Here is a picture of what our Newark Public Schools district currently looks like:
- There are 271 employees without placement, costing the district $22,573,340. However, there is a $70 million dollar deficit for 2014-2015 and 2015-2016.
- 60 percent of principals have been removed, replaced, or retired since 2011. Barringer and West Side High Schools have had a different principal each year and a teacher turnover of 20 to 40 percent annually.
- Chronic absenteeism is up and support staff in schools has been eliminated. The district, however, presents 100 percent attendance rate on state report cards.
- In 2012 there were 12 alternative education programs for overage under-credited students. Though we have 3,800 disconnected youth in our city, none of these programs remain.
- In 2011 there were 495 Ninth Grade students enrolled in Barringer High School. 235 of these students are currently seniors at Barringer and less than 100 qualify to graduate.
- As a result of One Newark there are an unprecedented number of special education students across the city enrolled in schools without the services to meet their needs.
- As a result of One Newark more English Language Learners across the city are in schools without the services to meet their needs.
- The State Department of Education has failed to implement the Regional Assistance Centers in Newark as determined for all of the 28 schools identified as Priority and Focus schools in the State-operated Newark Public School district, as required by the Elementary and Secondary Act (ESEA) Waiver approved by the United States Department of Education on February 9, 2012.
- The SAS has refused to attend a Newark Public School Board meeting for 16 months.
- The district paid illegal payments to Dr.
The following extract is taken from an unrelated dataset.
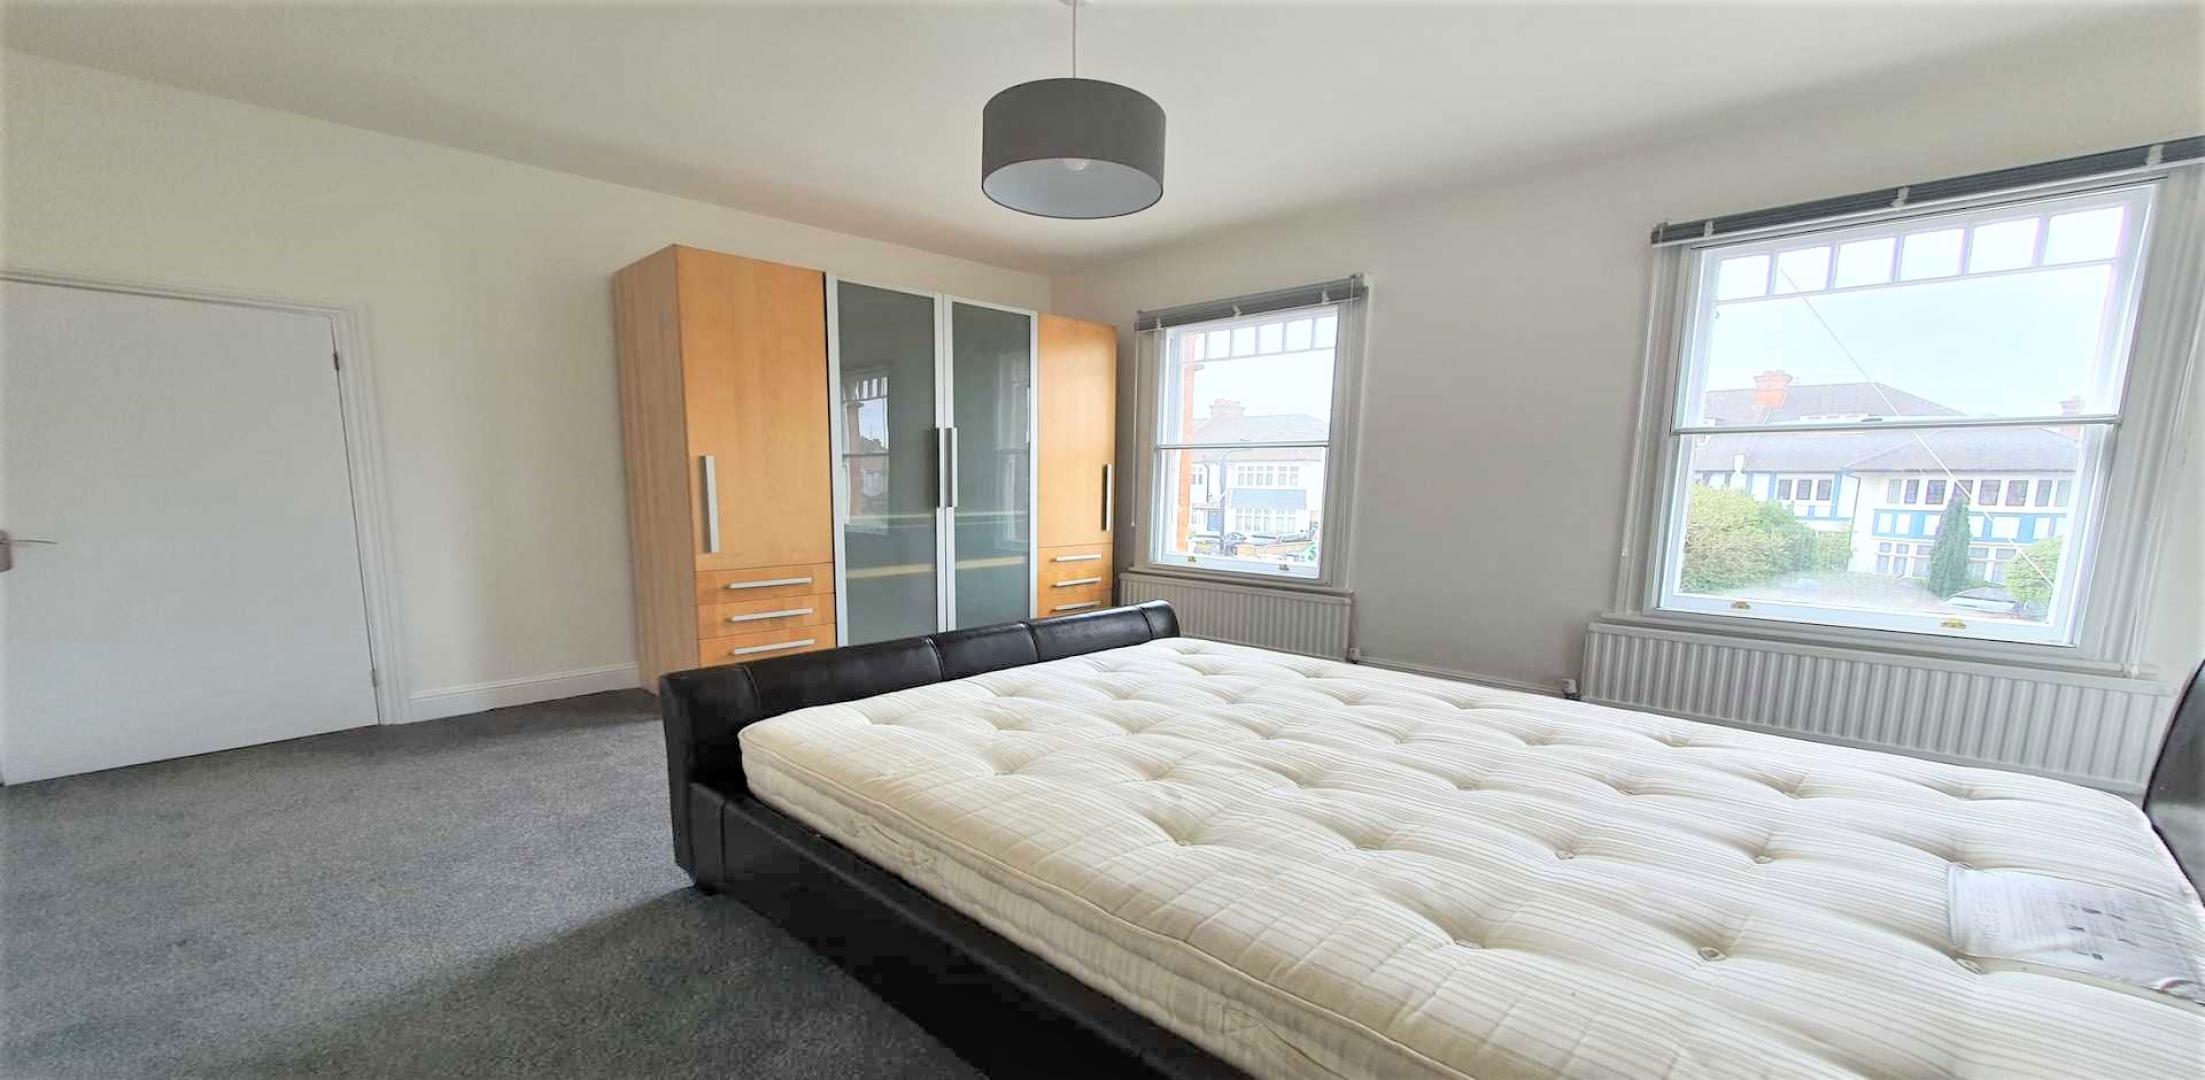 			1 Bedroom, 1 bath, 1 reception Flat			 St Gabriels Road, WILLESDEN GREEN
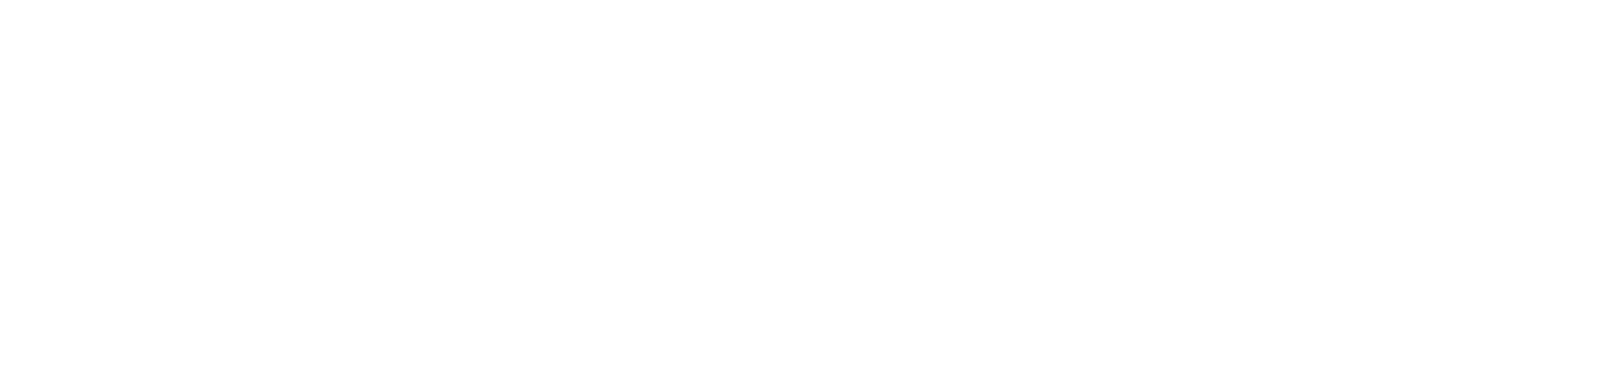 Make-A-Wish® Calendar of Wishes

Tiffany Hardrick, while she was employed by a school district in Arkansas.
- The district has entered in numerous contracts with close colleagues and friends of the SAS.
These problems are the result of the failed leadership of the SAS. All of this has occurred with no community input or approval and with a complete absence of transparency about what is happening in our schools. The SAS is running amuck and operating completely outside of the rule of the law.
It is impossible for us to look this reality in the face and continue to be passive observers of the destruction of our district, misappropriation of taxpayers’ money, and violations of the rights of students and residents. It is time we make the community’s demand for the removal of the SAS heard and use all possible avenues to do so. I urge our community members: call the Governor’s Office, the State Board of Education, and US Secretary of Education Arne Duncan.
We can no longer tolerate the idea that other people want more for the children of Newark than the people of Newark. Those who work for, believe in, and uphold the interests of the families of Newark need to do everything in our power to uproot this insidious notion from the efforts to transform public education in our city.
Last week our students organized the largest student protest of its kind in the history of our city. They realize their education and the future of our city is at stake. We must stand with our students and reclaim our schools. We must do it now.